CONFIG_IXP400_ETH_SKB_RECYCLE does not exist in the code i have.. From
what i downloaded from intel, i stripped out all the stuff that is not
having to do with ATM. The functionalities of ixp4xx_qmgr ixp4xx_npe
and ixp4xx_eth are now in the mainline kernel. Ideally it would be
nice to get what this library does with the atm hardware into the
mainline, however the code in it's current state would not meet kernel
standards, and is quite a mess.


But yes, the skb->data is recycled in a memory pool, and i think i
noticed a few times packets that were corrupt, were really pointing to
old recycled packets. I haven't confirmed this yet though.


I did eliminate the first patch i sent
http://lkml.org/lkml/2009/2/16/163 to __vlan_put_tag()

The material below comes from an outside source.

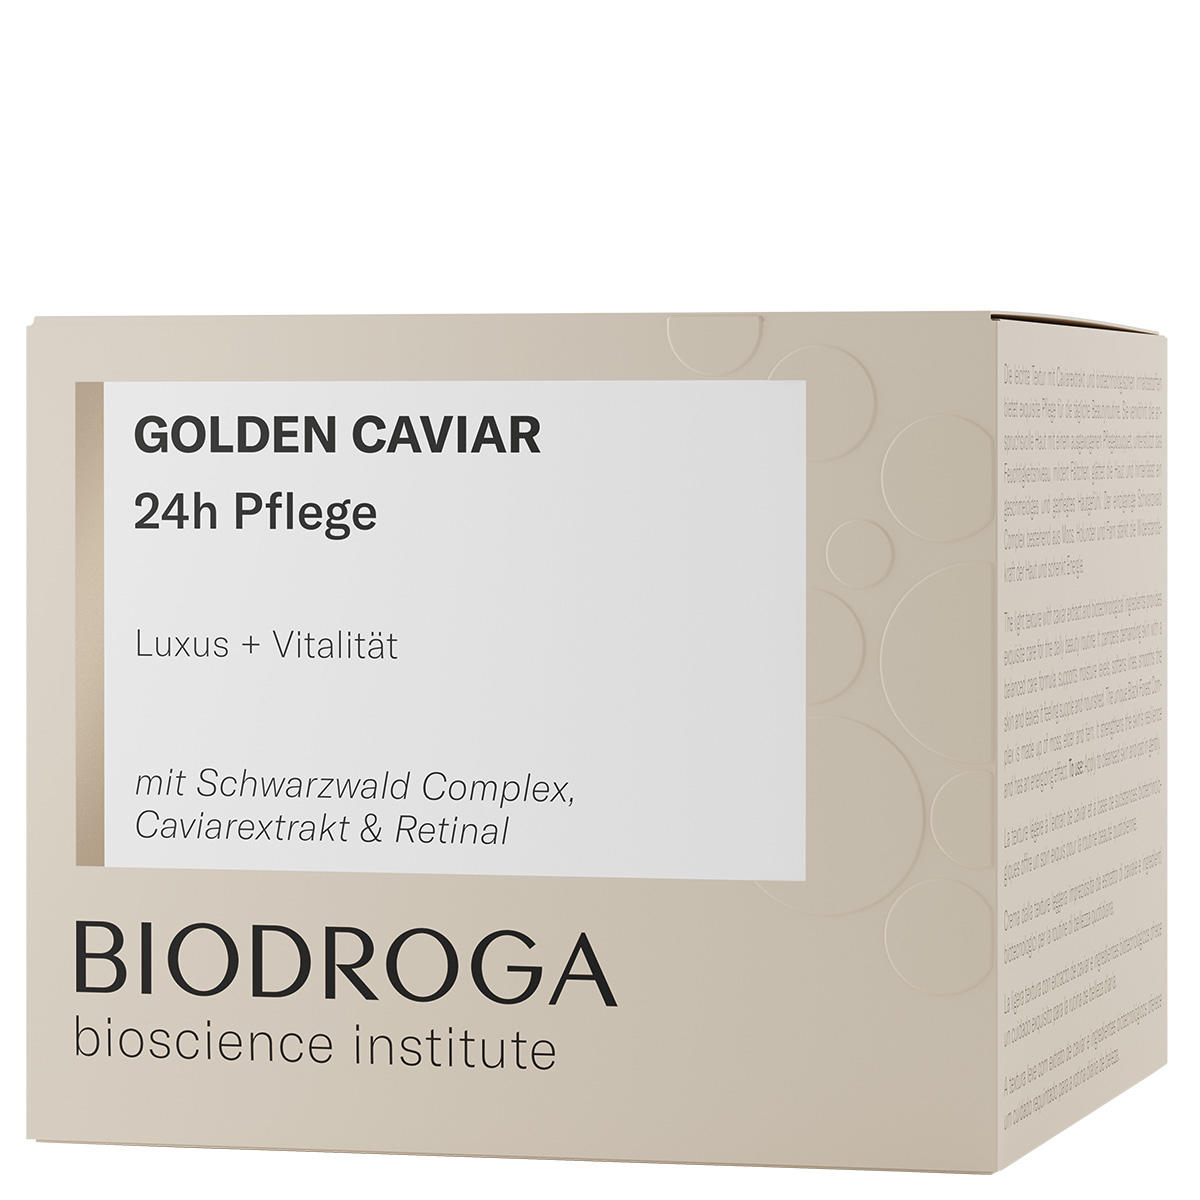 BIODROGA Bioscience Institute GOLDEN CAVIAR Assistenza 24 ore su 24 50 ml - 2

And now only use the patch Jarek sent: http://lkml.org/lkml/2009/2/17/104

Now i don't have any problems with the vlan tags after changing my atm
driver to do skb_reserve() like:

skb = dev_alloc_skb(size + NET_SKB_PAD);

skb_reserve(skb, NET_SKB_PAD);


So something with my driver causes skb_clone() to corrupt the packet
but calling skb_copy() instead keeps everything working. There are
definitely other cases where skb_clone() is called so really have to fix
this in the atm_dev, but not really sure at the moment where to look next.


Thanks.
--
Karl


diff -Naurp linux-2.6.28.4.a/net/packet/af_packet.c linux-2.6.28.4.b/net/packet/af_packet.c
--- linux-2.6.28.4.a/net/packet/af_packet.c 2009-02-06 22:47:45.000000000 +0100
+++ linux-2.6.28.4.b/net/packet/af_packet.c 2009-02-18 16:10:08.000000000 +0100
@@ -524,7 +524,7 @@ static int packet_rcv(struct sk_buff *sk
goto drop_n_acct;

if (skb_shared(skb)) {
- struct sk_buff *nskb = skb_clone(skb, GFP_ATOMIC);
+ struct sk_buff *nskb = skb_copy(skb, GFP_ATOMIC);
if (nskb == NULL)
goto drop_n_acct;